Simons and colleagues [48] demonstrated that, across multiple regions of the brain, the TMEM106B haplotypes had significant and partly conserved effects on the transcriptome. The function of TMEM106B has mostly been linked to functions of lysosome and trafficking and to myelination [48]. However, Ren and colleagues [49] suggested that TMEM106B role is broader in the response of CNS to insults that is either pathological or age-related.

Conclusions

AD has many clinical, psychological, biochemical, and genetic aspects. Changes in behavior and emotion are the main clinical manifestations in AD. Depression was common among the AD patients. Lipid profile changes were one of the important types of changes among AD patients, while changes in thyroid levels were insignificant, although there is a need for more assessment. There was no significant difference between AD patients and the control group regarding APOE-1, and APOE-2 while there was significant difference between the two groups regarding TMEM106B.

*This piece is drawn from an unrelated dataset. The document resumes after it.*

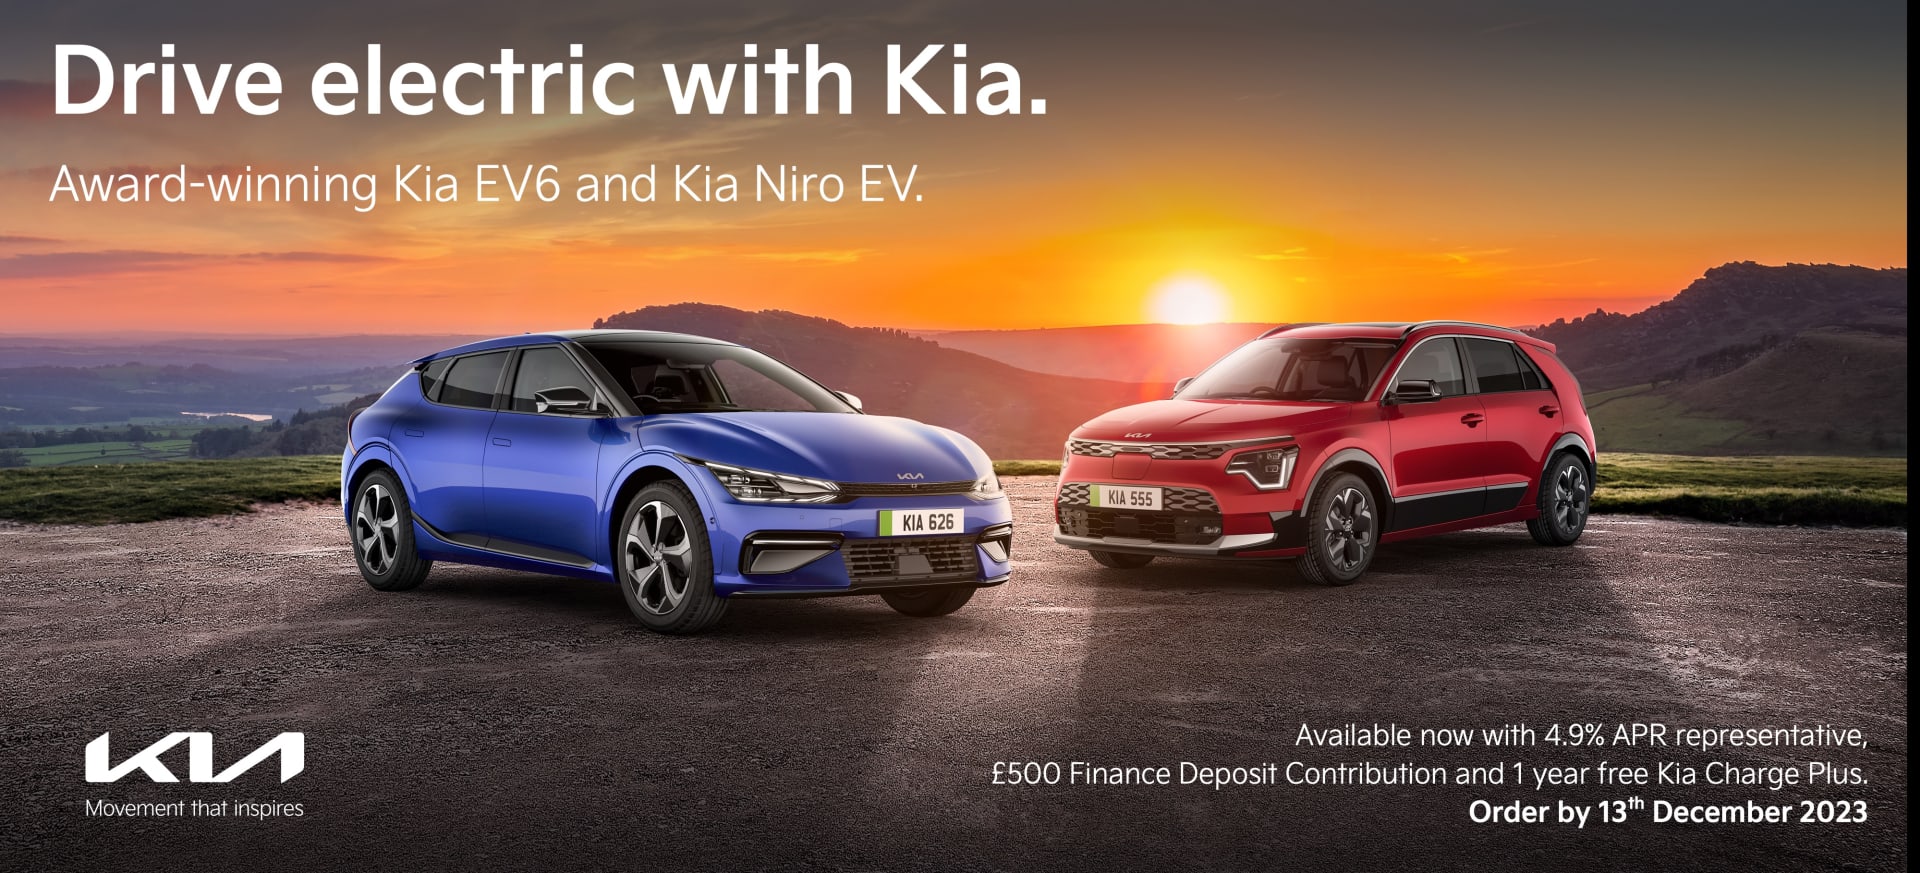 Drive electric with Kia.

The weak point in our study is the small sample size as larger sample size was in need for strong financial support for genetic analysis and laboratory studies.

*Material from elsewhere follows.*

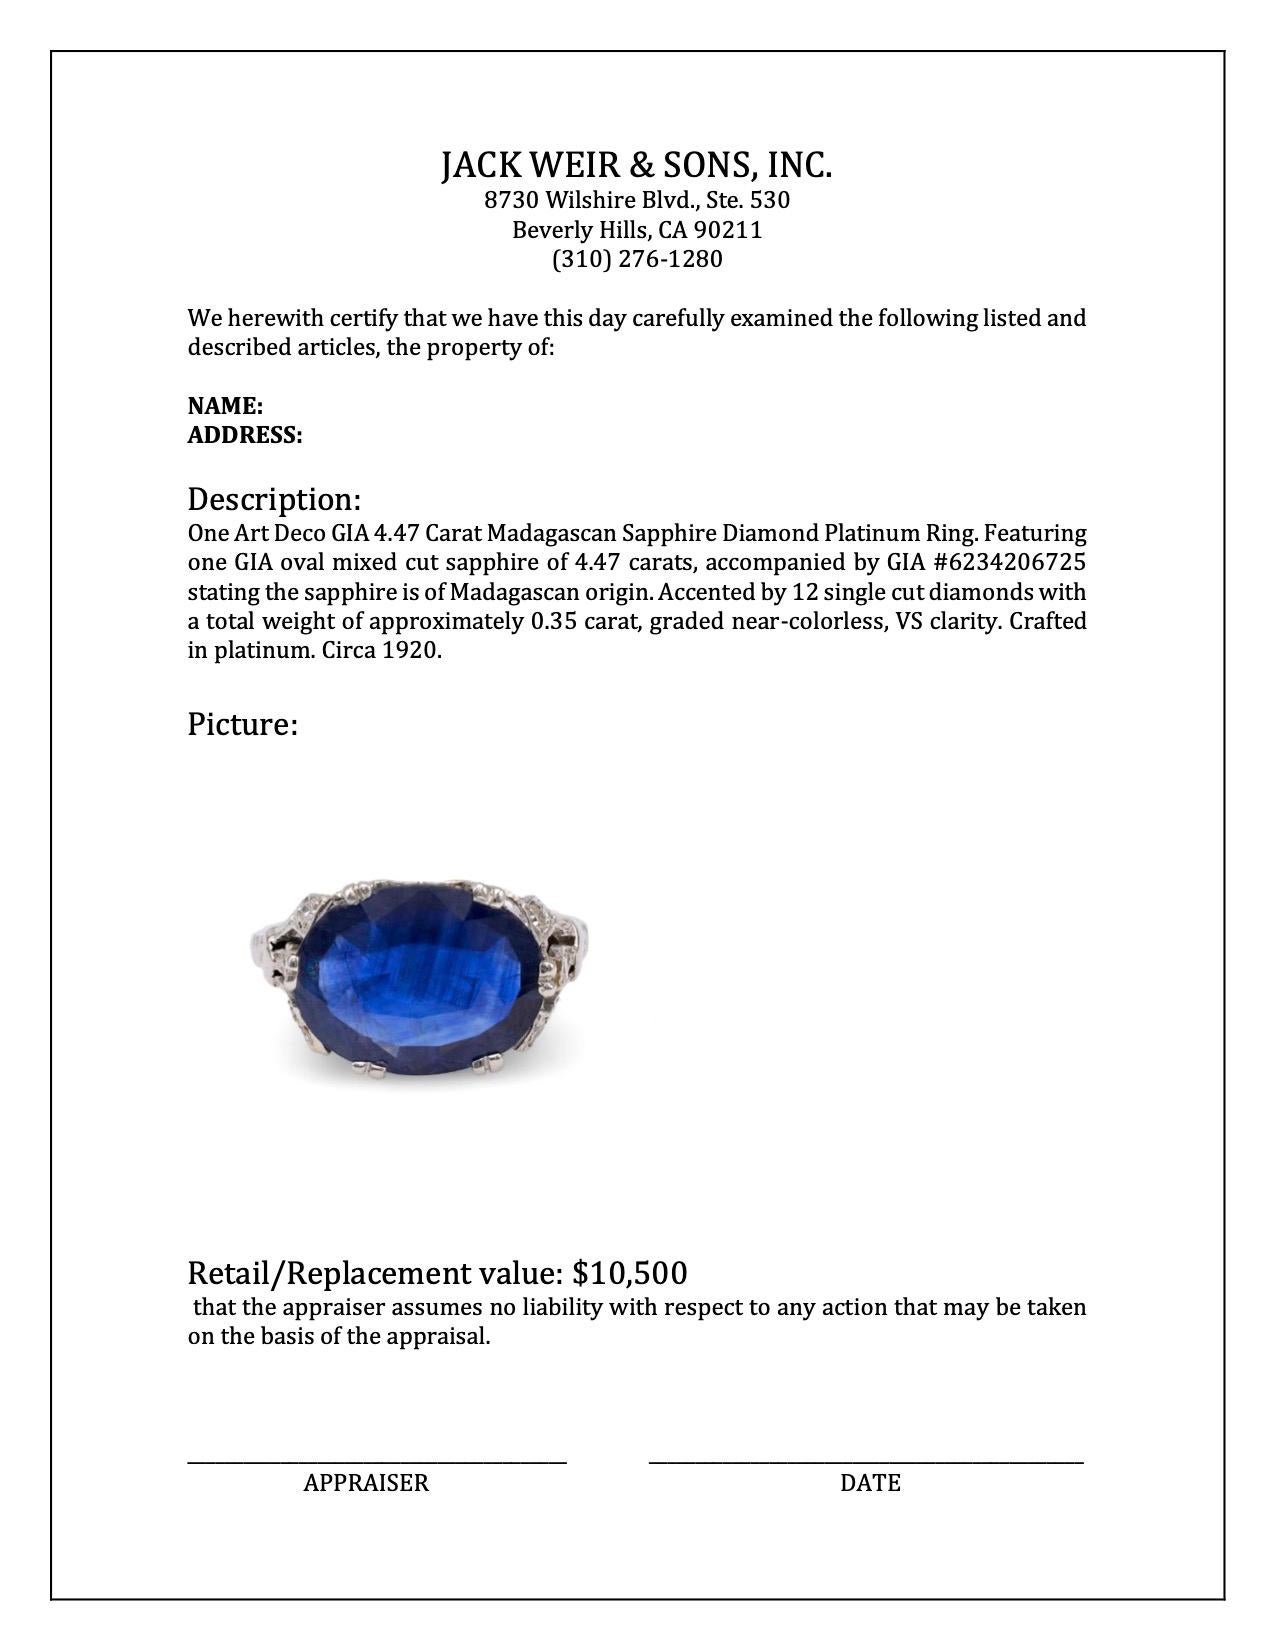 Art Deco GIA 4.47 Carat Madagascan Sapphire Diamond Platinum Ring 2

AD is a multifactorial disease which is one of the main obstacles in studying its risk factors. Interaction between genetic factors, environmental factors, and comorbidities has strong impact on incidence and prognosis of the disease. Moreover, multiple genes have a role in the pathogenesis of the disease which makes identification of one or more genes is very difficult. Further studies with good financial support need to be performed on a larger number of patients and more genes with to assess the genetic profile of AD.